== What this task involves ==
Quote the listing below in full and exactly as written, but omit every picture.

== Supplied material ==
□ □ □ □

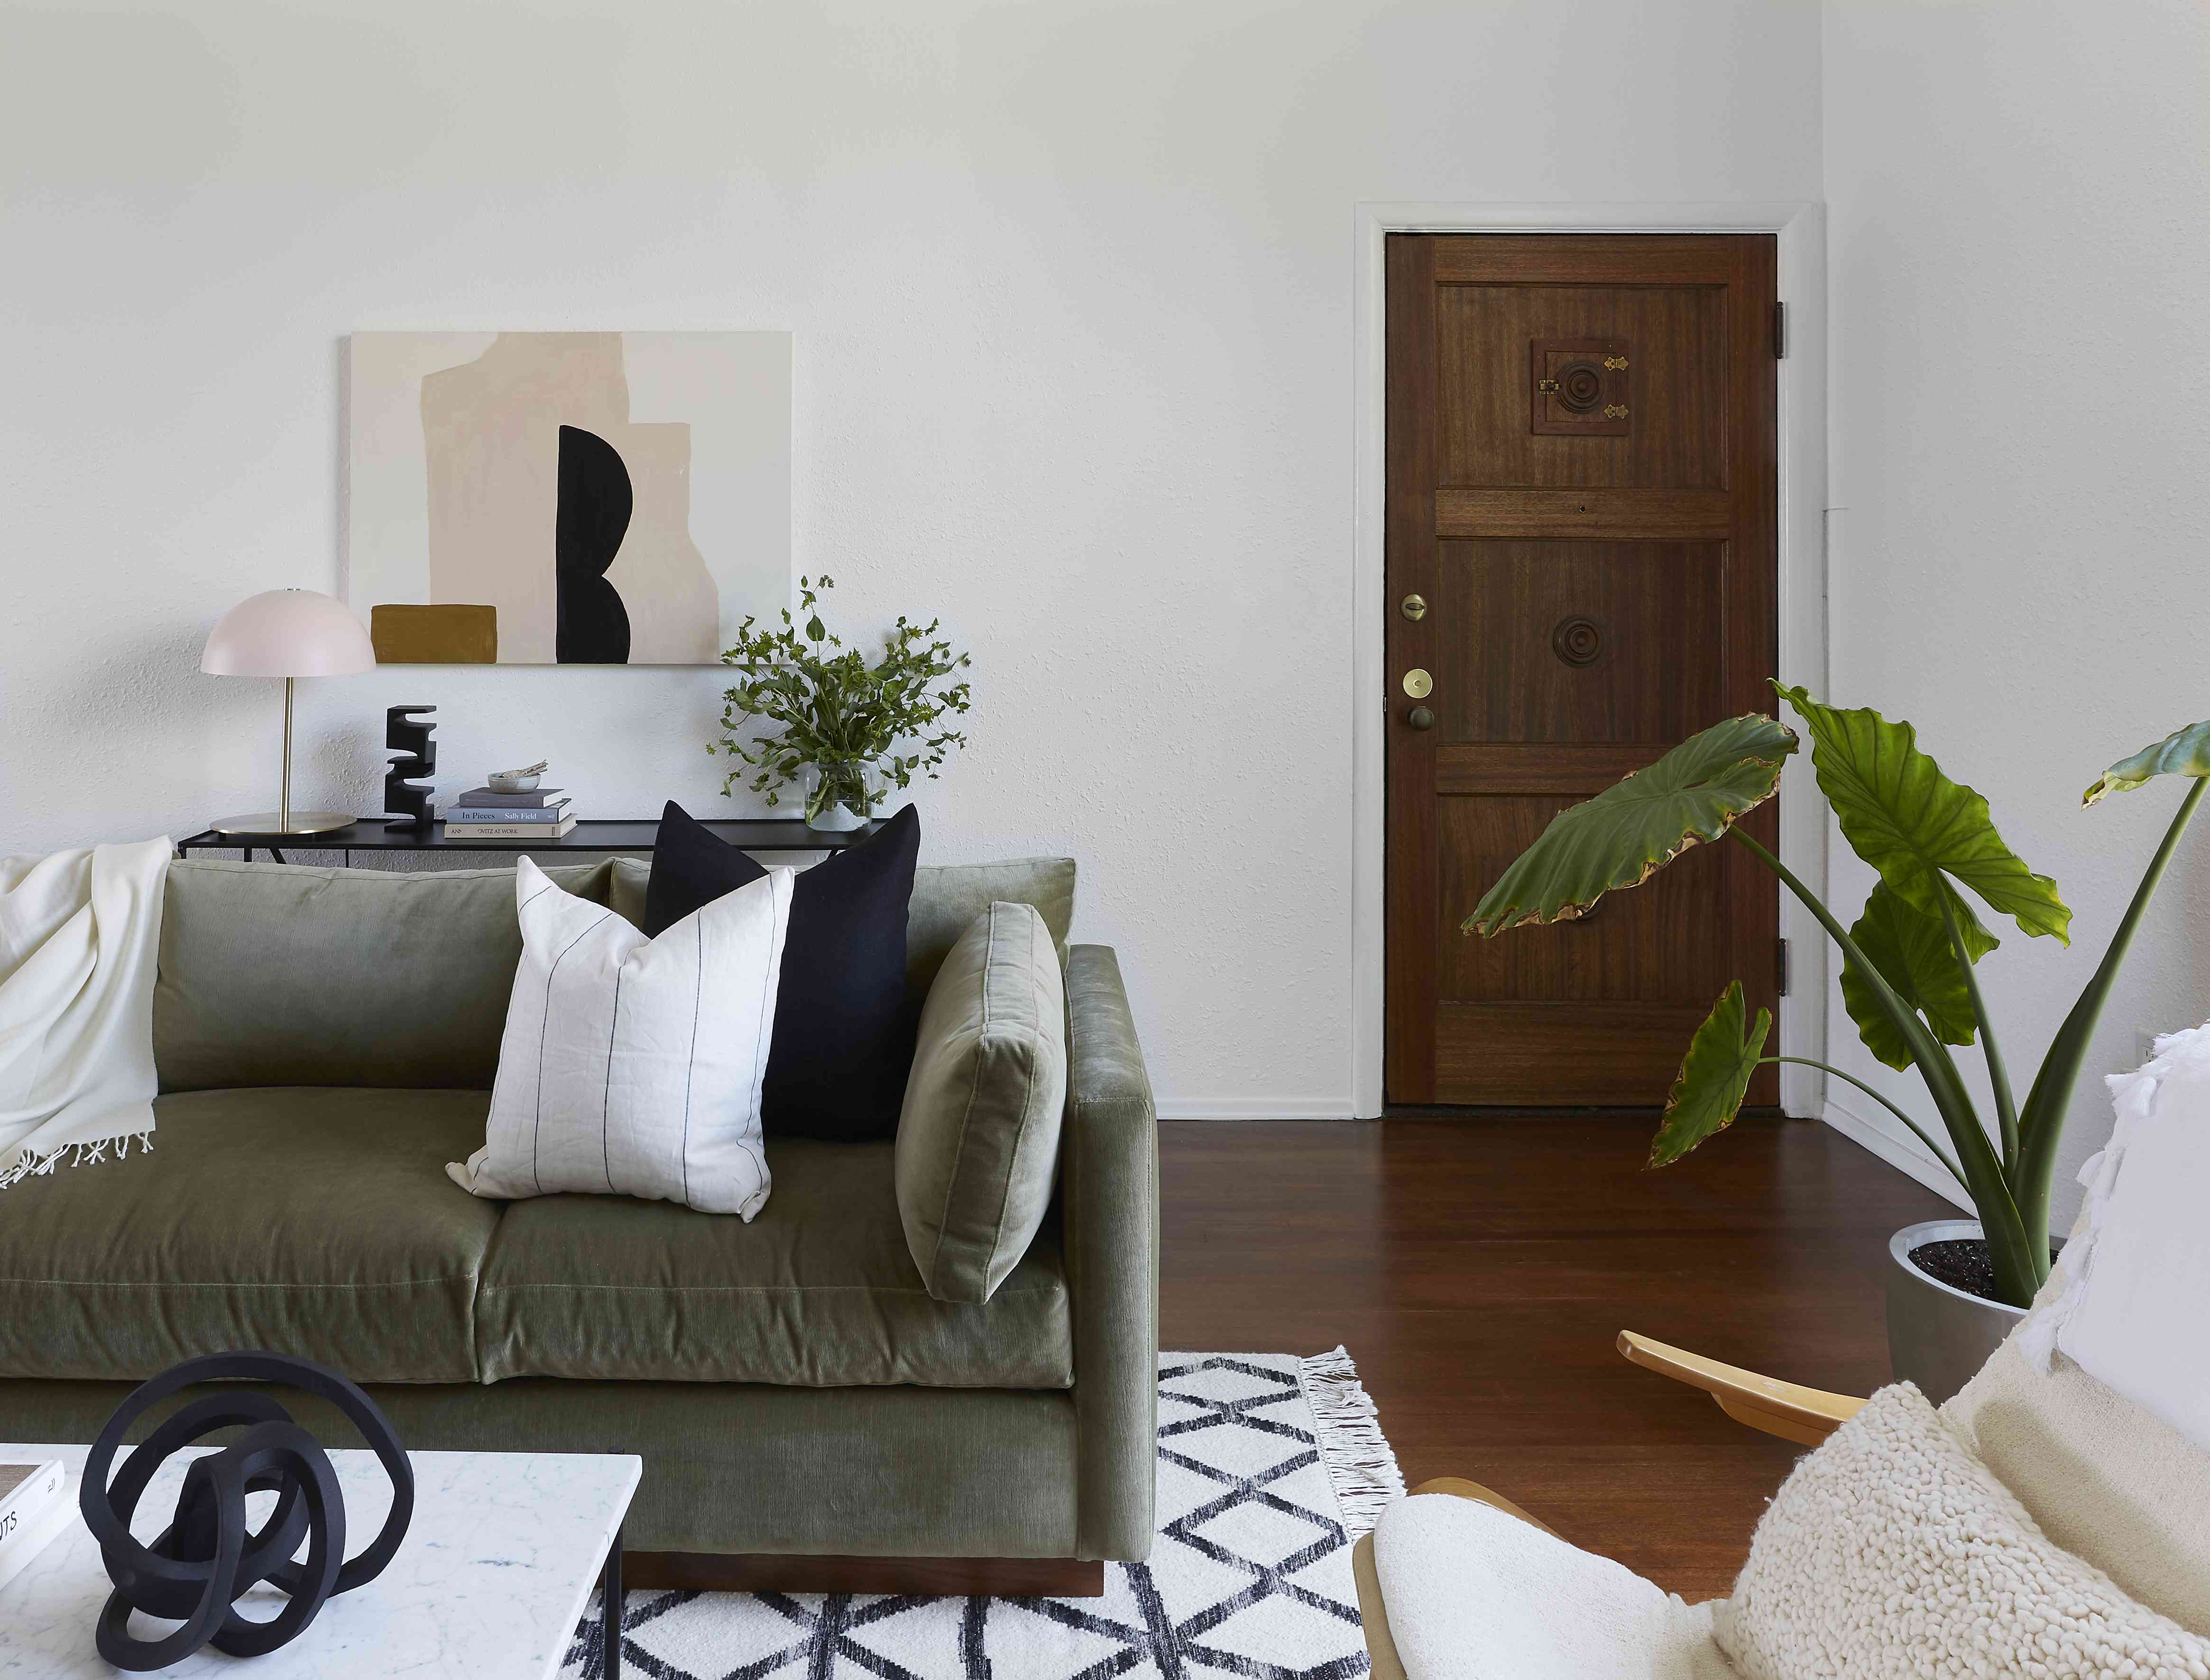 sala de estar con sofá verde salvia
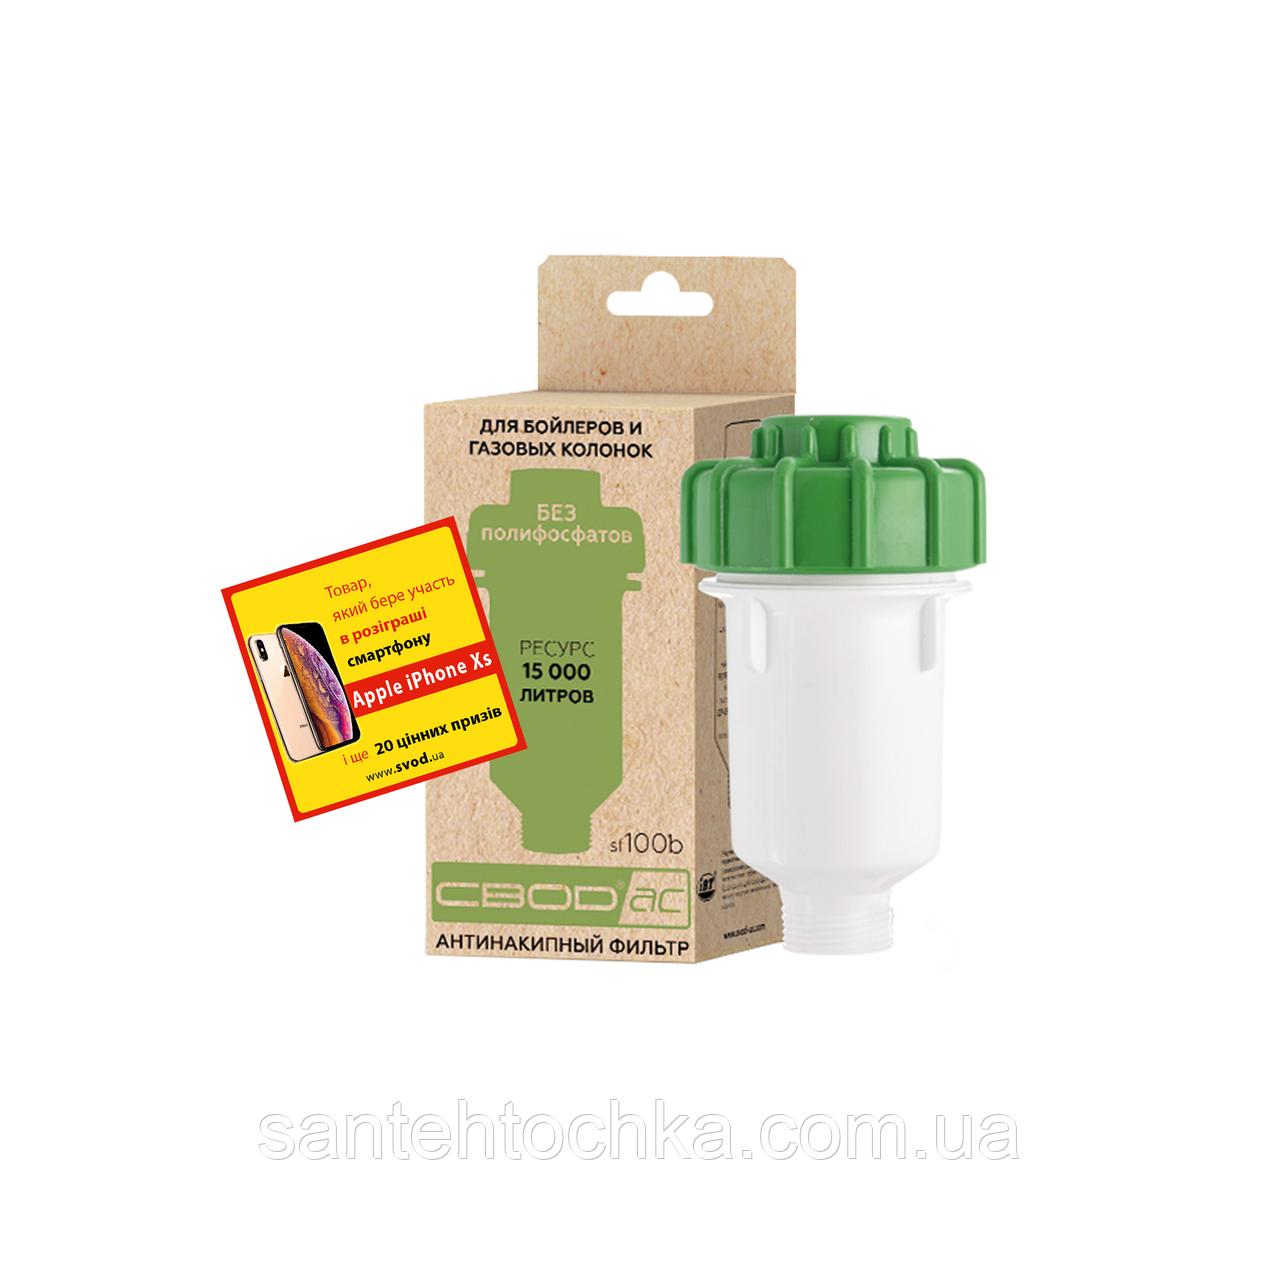 Антинакипный фільтр СВОД-АС для бойлерів та газових колонок sf100b
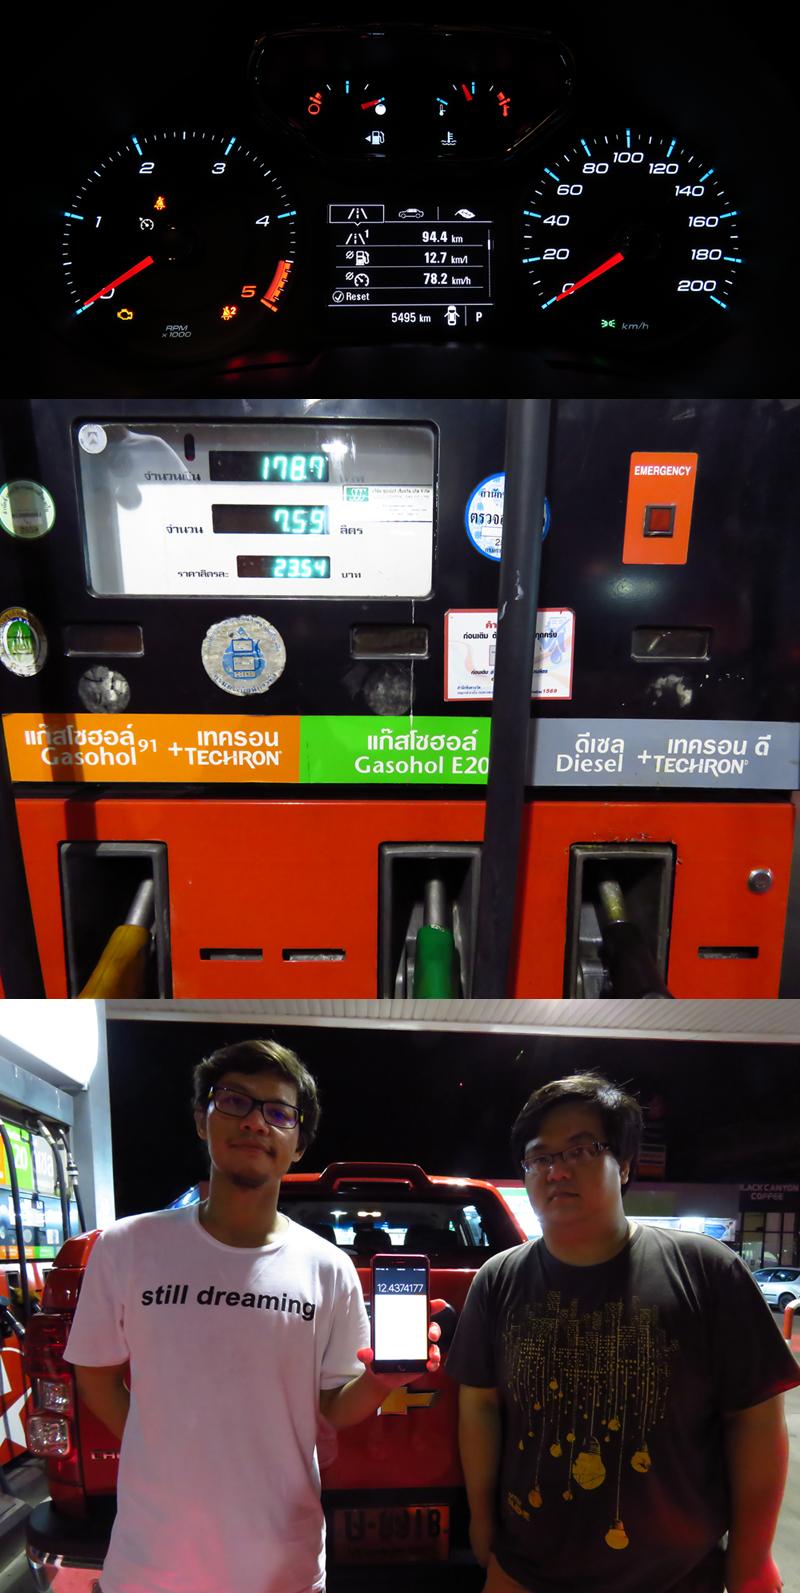 2016_07_28_Chevrolet_Colorado_Minorchange_Fuel_Consumption_04

□ □ □ □

== Reply to the exercise ==
 sala de estar con sofá verde salvia
 Антинакипный фільтр СВОД-АС для бойлерів та газових колонок sf100b
 2016_07_28_Chevrolet_Colorado_Minorchange_Fuel_Consumption_04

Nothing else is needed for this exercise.